Ferrero could make inroads in China via Ferrara deal, says consultant
Kuiler is the founder of The Silk Initiative, and his firm has previously worked with many major CPG companies, including Campbell Soup, PepsiCo, Mars Wrigley Confectionery and McCain Foods on their brand strategy engagements in China and other parts of Asia.
He said the reason why the acquisition could be beneficial to Ferrero’s business in China was partly due to its current portfolio:
“Nutella sort of has the struggle of being adopted into the breakfast occasion as a spread because of the ‘cultural baggage.’ So [Ferrero’s] headquarters has been trying to develop different product formats in different occasions to make its way into Chinese people’s life,” Kuiler said.
He added, “I also know that Kinder Surprise and Bueno have reached their limits in terms of kids entertainment… meeting the growth [for chocolate confectionery] is something else, but the bigger challenge is that there are very limited options for Ferrero’s global headquarters in terms of what they can do.”
The Ferrero Rocher brand, however, has penetrated the Chinese adult chocolate market very well, said Kuiler. His judgment is also backed up by Euromonitor’s latest data, which shows that Ferrero’s share currently ranks second in the nation’s chocolate confectionery market.
Following Nestlé’s footstep?
Kuiler suggested that Ferrero’s entry into the candy space was an “obvious” move. “Candy is an adjacent category to Ferrero’s [chocolate portfolio], but there are not particularly any well-organized brands in the market that are doing very well,” he said.

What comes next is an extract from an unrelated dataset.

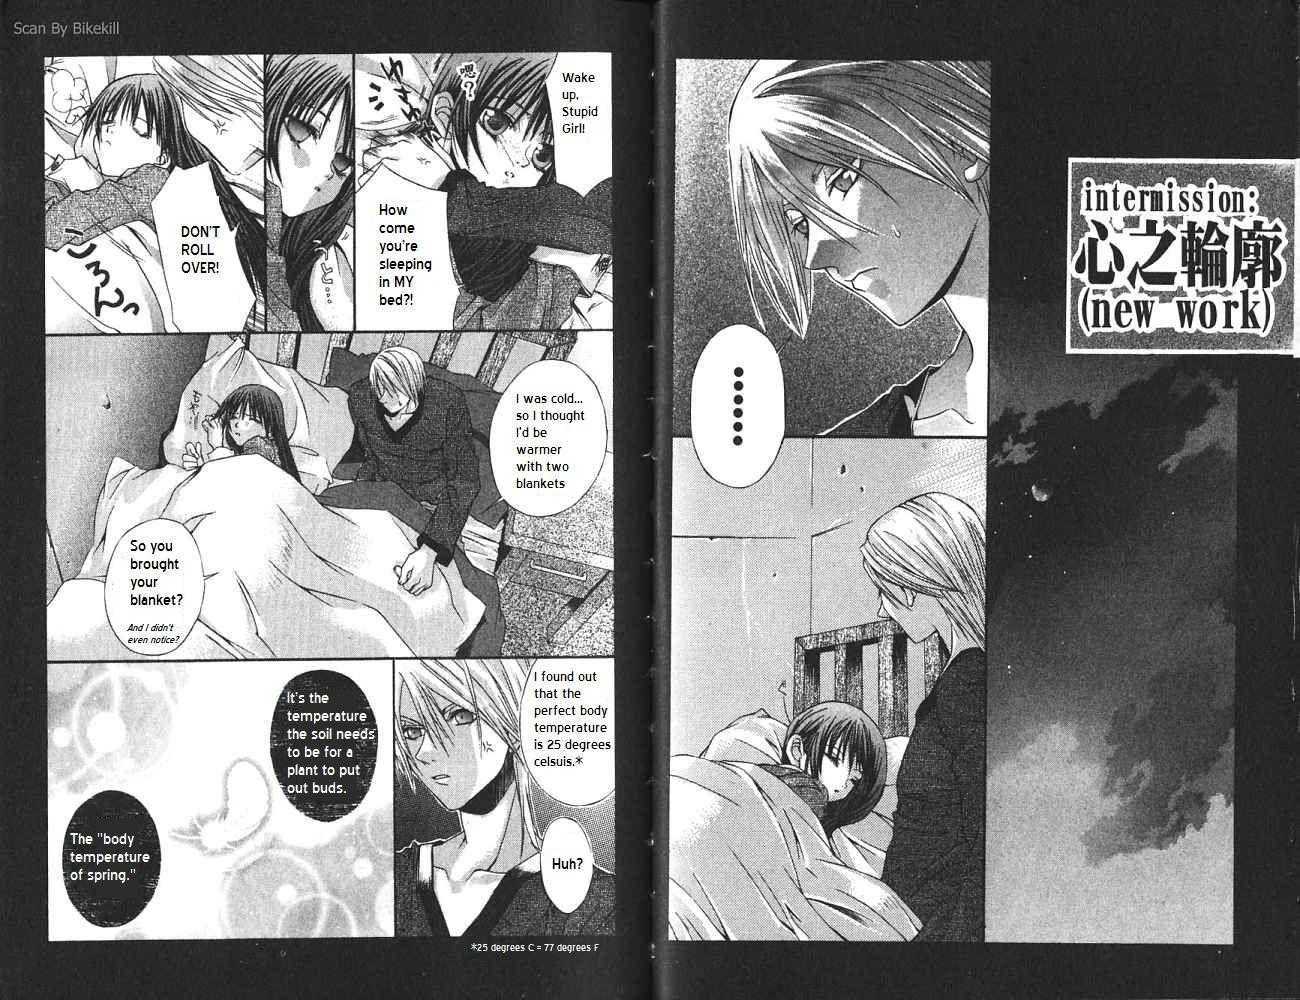 Hatenkou Yuugi Vol.1 Chapter 7.5 : Intermission: (New Work) - Picture 1

The question is: Can Ferrero guarantee that Ferrara appeals to Chinese consumers when products like Trolli and Black Forrest gummies are introduced to the country? Kuiler said to look at some of Ferrero’s competitors for an answer.
“It’s still early days, but international companies can certainly explore the candy space in China with a good range of products… it’s just that few have done it in a very organized manner,” he said. “Nestlé Australia, for example, is trying to bring Allen’s (a chewy candy brand) to China.”

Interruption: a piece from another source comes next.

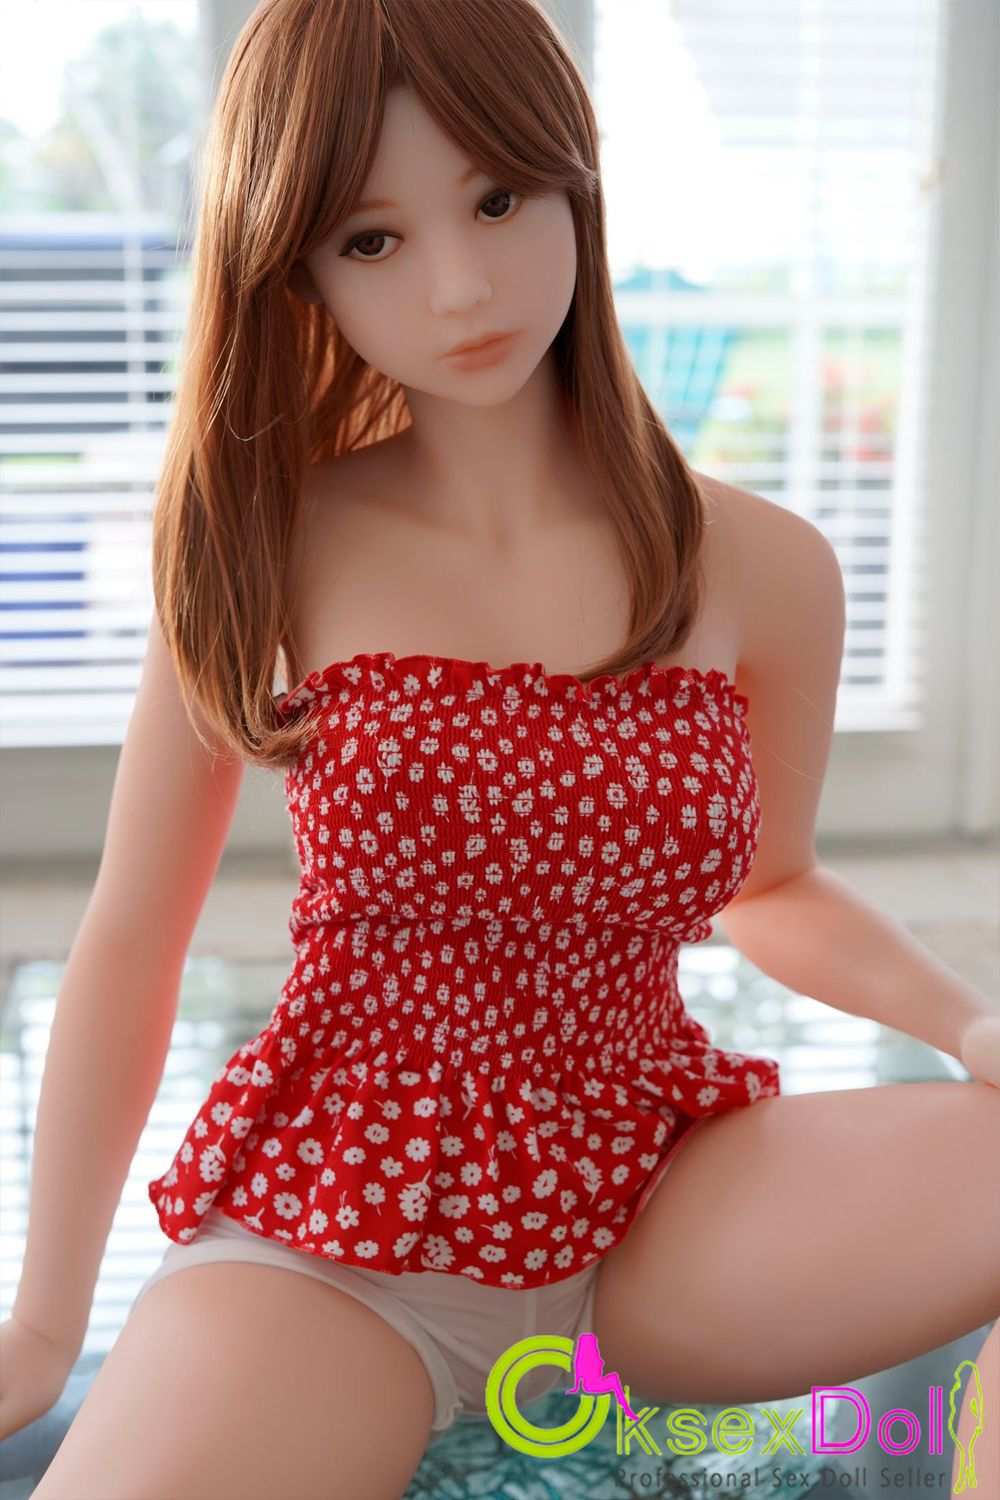 Dollforever 145cm Love Doll Pictures

Nestlé previously acquired Hsu Fu Chi (徐福记), a native Chinese confectionery and snack company, for $1.7bn in 2011. Hsu Fu Chi’s own branded gummies and its Dr Bear (熊博士) gummy rank third and second respectively in China’s pastilles, gums, jellies and chews category in terms of retail value, according to Euromonitor.
In addition to Want Want Holdings-owned Wang Zai QQ (旺仔), which is currently the largest gummy brand in China, “there are some Japanese and Korean gummy products in the country, and Haribo’s Gold Bears from Germany is also doing quite well,” added Kuiler.
Adapting product formats
Kuiler told ConfectioneryNews low sweetness, small portions, and the novelty of color usually resonate well with the Chinese consumers – “that’s probably why gummies are popular here,” he said.
“I don’t think Chinese consumers are eating confectioneries for treat or indulgence sake. It’s bit more of modest consumption.”
According to Euromonitor’s latest market report, volume sales of chocolate confectionery saw a 2% decline in 2017 in China due to “strengthening consumer awareness of healthy diets.”
Because of the healthy trends, Kuiler said, “product profile is the number one priority” especially when a western indulgent confectionery player brings its products to China.
“We have done a lot of work for brands like Pepperidge Farm, Dove and Hershey’s Reese’s before. Many of them had to adapt to smaller portion, less intensity of sweetness to fit the Asian palate,” he said. “In order to entice consumers to try new products, [those brands] also need to have single-serve packs available in convenience stores.”
It is uncertain if Ferrero will eventually bring Ferrara’s gummies to China, but Kuiler said as long as an international confectioner wants to do business in the country, it needs to have a brand new marketing plan because “everything you learned back home that could drive your brand doesn’t necessarily work here.”